Brain cells that help keep us awake are the first targeted by the disastrous disease, often causing overwhelmingly sleepiness to the patient during the day.

The cells are destroyed by the spread of toxic clumps of a protein called tau - rather than another known as beta-amyloid.

The finding may lead to earlier diagnosis when drugs and lifestyle changes are more likely to work.

It also could lead to better treatments as well.

“Our work shows definitive evidence that the brain areas promoting wakefulness degenerate due to the accumulation of tau - not amyloid protein - from the very earliest stages of the disease,” said senior author Dr. Lea Grinberg, a neurologist at the University of California, San Francisco (UCSF).

Alzheimer's damage can take root up to 20 years before clinical symptoms appear. It may be why medications have failed so far because they are given to trial participants too late.

Scientists may also have been aiming at the wrong target - amyloid instead of tau.

‘Finding’

Researchers and caregivers recorded regular dozing in patients long before their memory problems started to unfold.

However, it was uncertain whether troubled sleep would put inpiduals at danger for Alzheimer, or whether changes in the brain associated with the disease would lead to it.

Now the US team has strong evidence to suggest it is the latter by analyzing the brains of deceased patients.

Three areas that boost wakefulness - the locus coeruleus (LC), lateral hypothalamic area (LHA) and tuberomammillary nucleus (TMN) - had lost over 75% of their neurons. They also had a significant build-up of tau.

“It is remarkable because it is not just a single brain nucleus that is degenerating, but the whole wakefulness-promoting network,” said Lead author Dr. Jun Oh, also based at the Memory and Ageing Center at UCSF.

“Crucially this implies that the brain has no way to compensate because at the same moment all these functionally associated kinds of cells are being demolished.”

The study - published in the journal Alzheimer's and Dementia - demonstrates these regions, including the part affected by chronic sleepiness or narcolepsy, are among the first casualties of neuro-degeneration in sufferers.

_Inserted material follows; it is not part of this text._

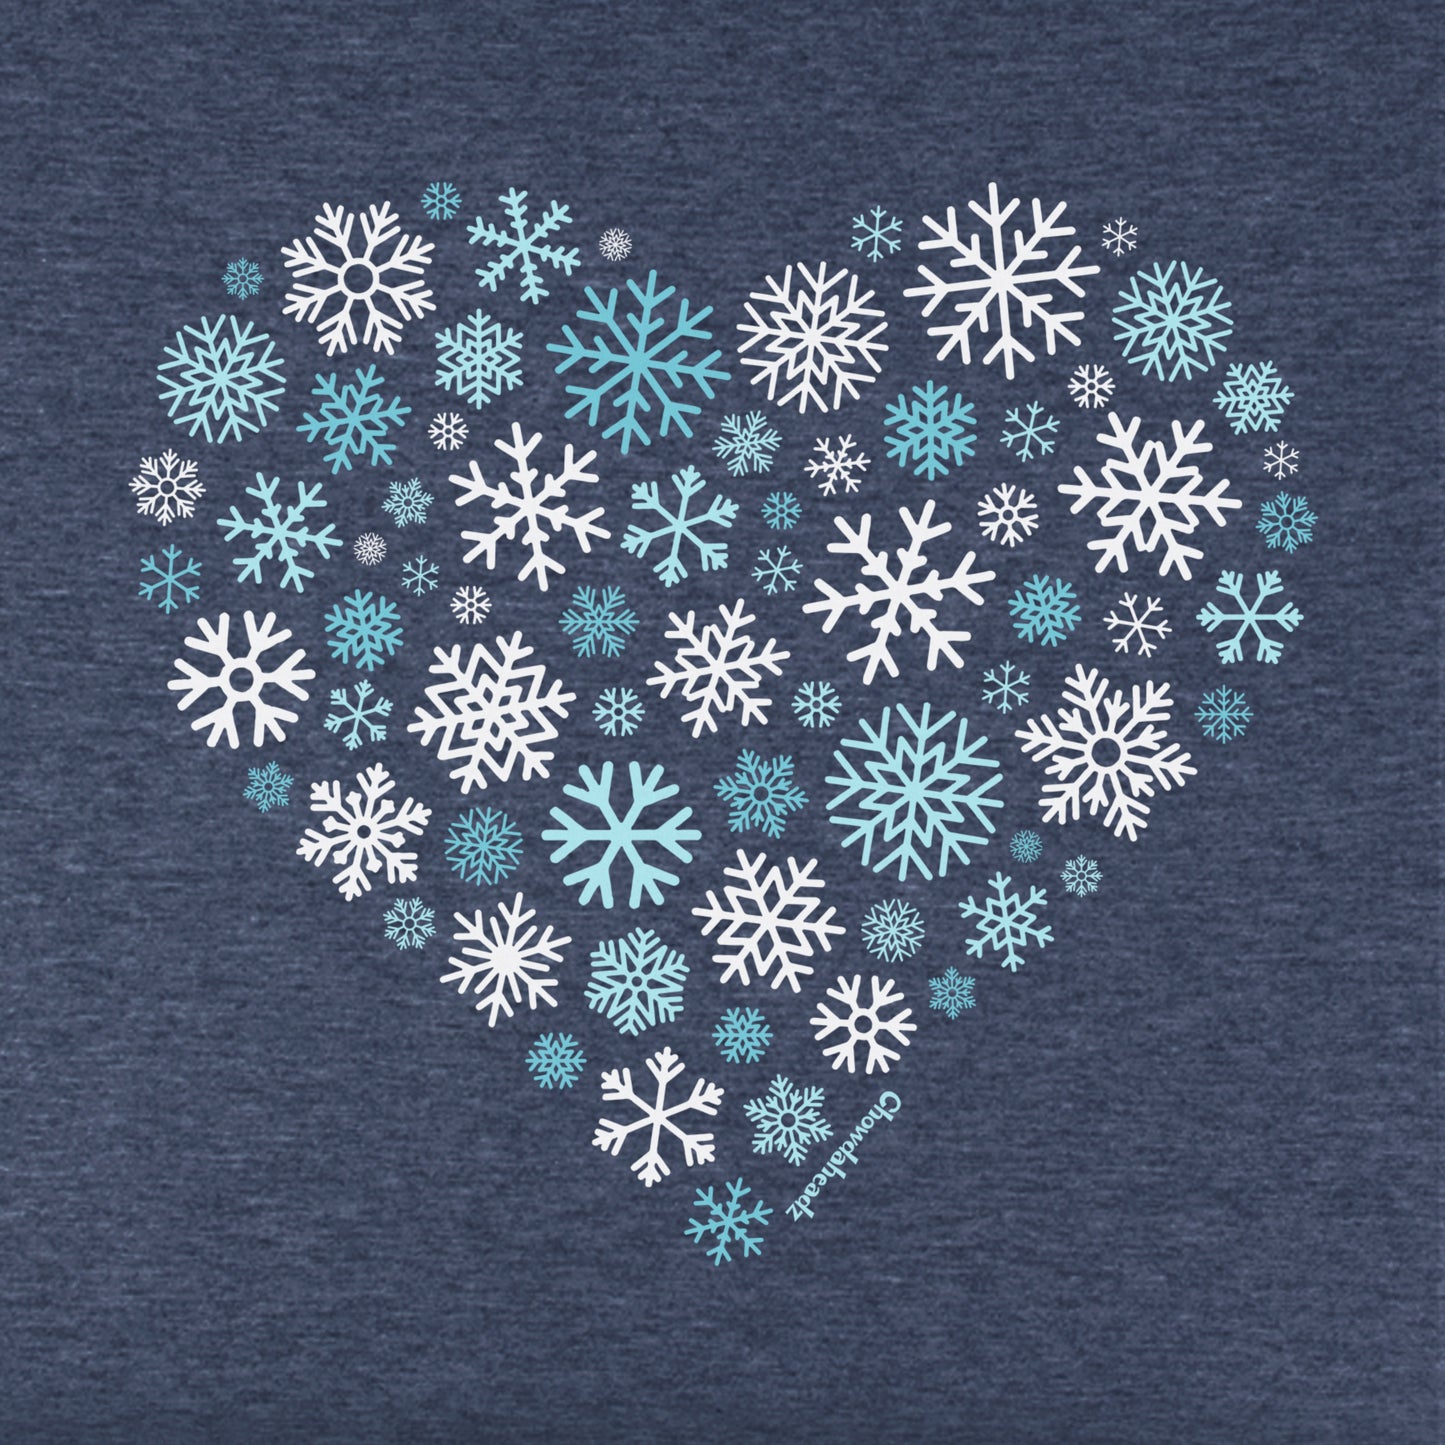 Snowflake Heart Youth T-Shirt - Chowdaheadz

So excessive napping - particularly when it occurs in the absence of significant nighttime sleep problems - may serve as an early warning sign of the disease- and the link to tau adds to evidence it contributes more directly to the symptoms than the more extensively investigated amyloid.

The researchers precisely compared the pathology, tau levels, and neuron numbers in 13 people with Alzheimer's when they died with seven healthy controls.

They also examined samples from seven patients with two distinct forms of dementia caused by tau accumulation called PSP (progressive supranuclear palsy and CBD (corticobasal disease).

In contrast to the Alzheimer's brains, the wakefulness neurons appeared to be spared despite comparable levels of tau.

“It seems the wakefulness-promoting network is particularly vulnerable in Alzheimer's disease. Understanding why this is the case is something we need to follow up in future research,” Dr.Oh said.

Increased focus on the role of tau in Alzheimer's suggests treatments currently under development in the laboratory of Dr. Grinberg and elsewhere that directly address tau have the potential to improve sleep and other early symptoms.

“In addition to holding a key to slowing the progress of the disease overall,” the scientists added.